In one of the sharpest US-Court clashes, US Secretary of State Marco Rubio announced a campaign to 'dismantle' the International Criminal Court (ICC) on Monday, July 13.
He said the tribunal interfered with US military and law enforcement operations at the risk of American sovereignty.In an op-ed for the Wall Street Journal, Rubio invoked images of border patrol agents and elected leaders being tried by judges from around the world. In an accompanying video on X, he said, "If we stand idle, all of them will be at the mercy of foreign judges, thousands of miles away – facing the constant risk of prosecution and even imprisonment for the so-called 'crime' of defending their own country."
The move isn't unexpected. The US never ratified the Rome Statute, the treaty that created the ICC, and drafted the American Servicemembers' Protection Act (ASPA) to shield US military and government officials from prosecution by a court it isn't party to.
The Clinton administration signed the Rome Statute in 2000 but never submitted it for Senate ratification; the Bush administration formally withdrew the signature in 2002. In 2020, the ICC opened an investigation into alleged war crimes by US forces in Afghanistan, after which the first Trump administration sanctioned ICC judges and senior officials — sanctions the Biden administration later lifted.
Tensions escalated again in November 2024, when the ICC issued arrest warrants for Israeli PM Benjamin Netanyahu and former Defense Minister Yoav Gallant over alleged war crimes and crimes against humanity in Gaza, including murder and starvation. The US responded by freezing the assets of a dozen ICC officials, including judges and the chief prosecutor.
The campaign will involve pressuring other countries to leave the court. Rubio said the US will use every tool available — including travel bans and sanctions — against countries that refuse to "reject the ICC's false authority." Rights groups called Rubio's announcement a bid for impunity as Hague tribunal's decades-long standoff with Washington reached a breaking point.

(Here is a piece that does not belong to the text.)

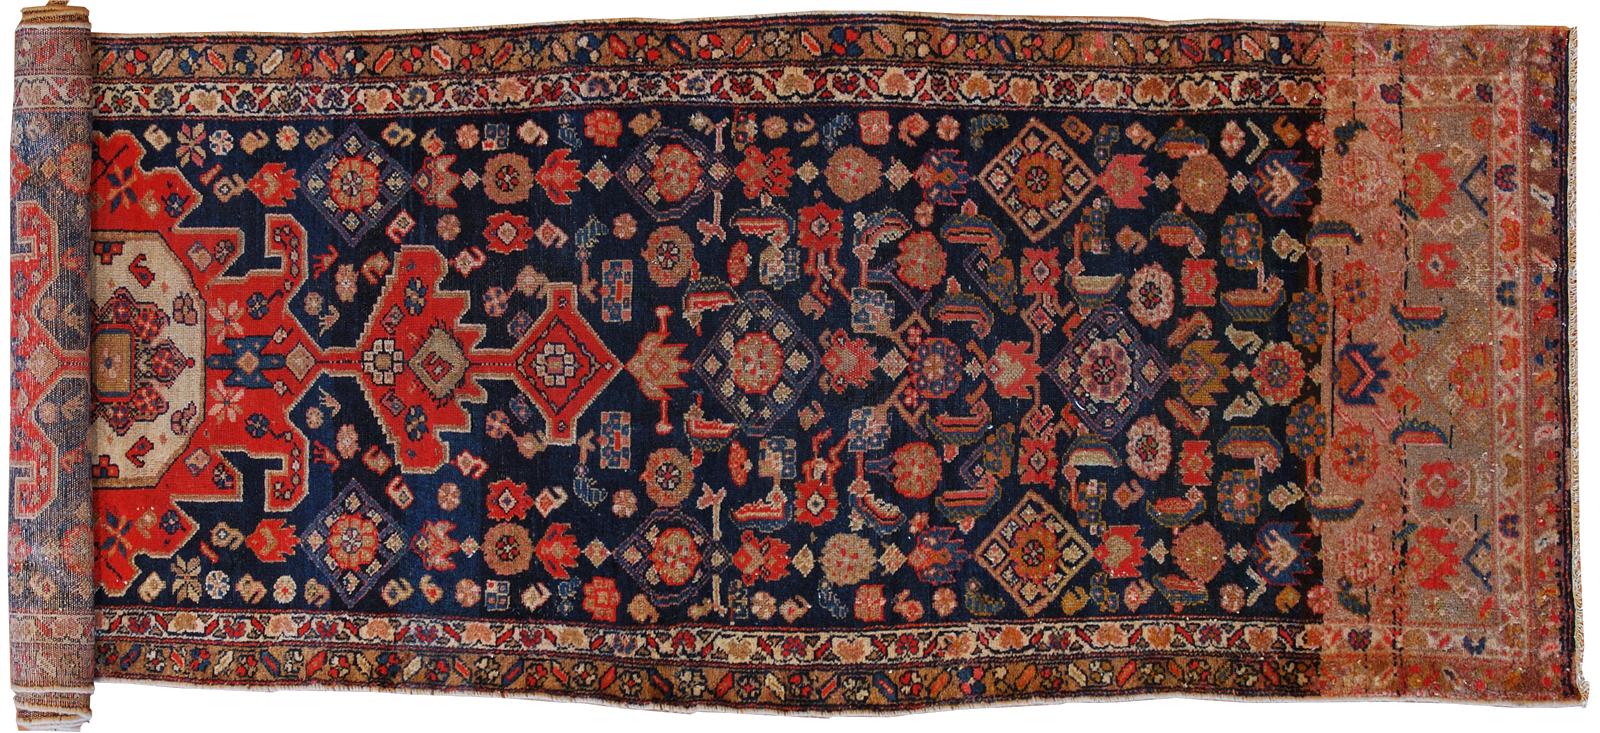 Tappeti Persiani Passatoie Prezzi – Idee immagine mobili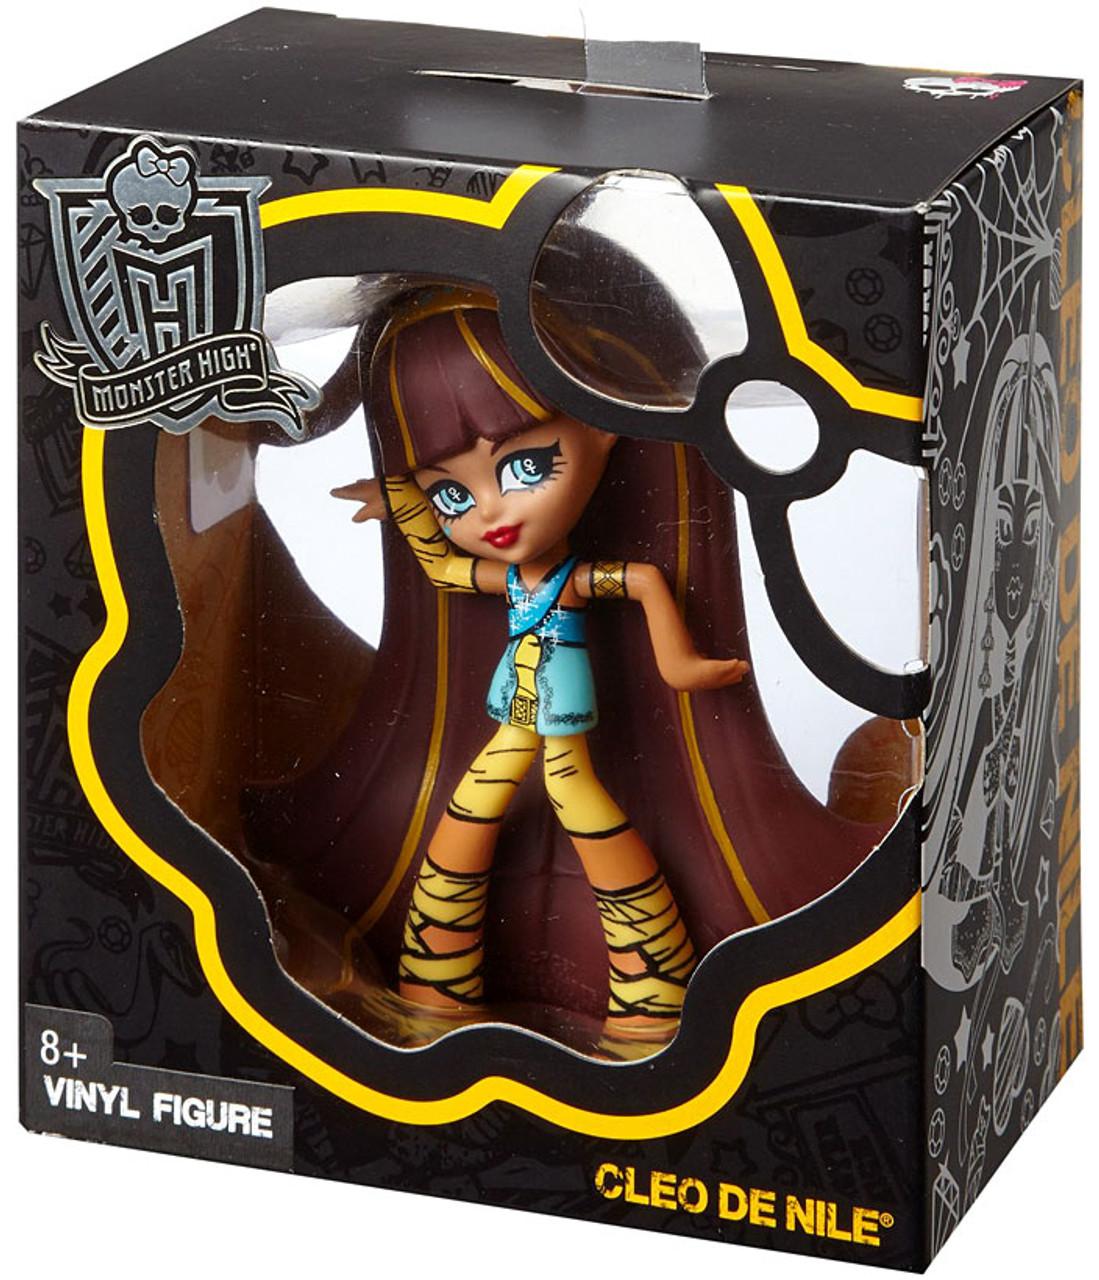 Worksheet. Monster High Cleo de Nile Vinyl Figure Mattel Toys  ToyWiz

"The ICC is not claiming jurisdiction over conduct in the United States," Kenneth Roth, former executive director of Human Rights Watch, told The Guardian. "Rubio is dressing up his quest for impunity for American war crimes under the label of national sovereignty, which ignores the sovereign right of other nations to invoke the ICC for crimes committed on their territory." He added: "Trump wants to be able to commit war crimes on the territory of countries that have accepted the court's jurisdiction – that's what this is about."
According to an unnamed official, top officials — including the secretary, deputy secretary, and US ambassadors — "are calling countries as part of a campaign to diplomatically isolate the International Criminal Court and ensure it cannot target Americans," CNN reported. The ICC has not opened any investigations into crimes committed on American soil.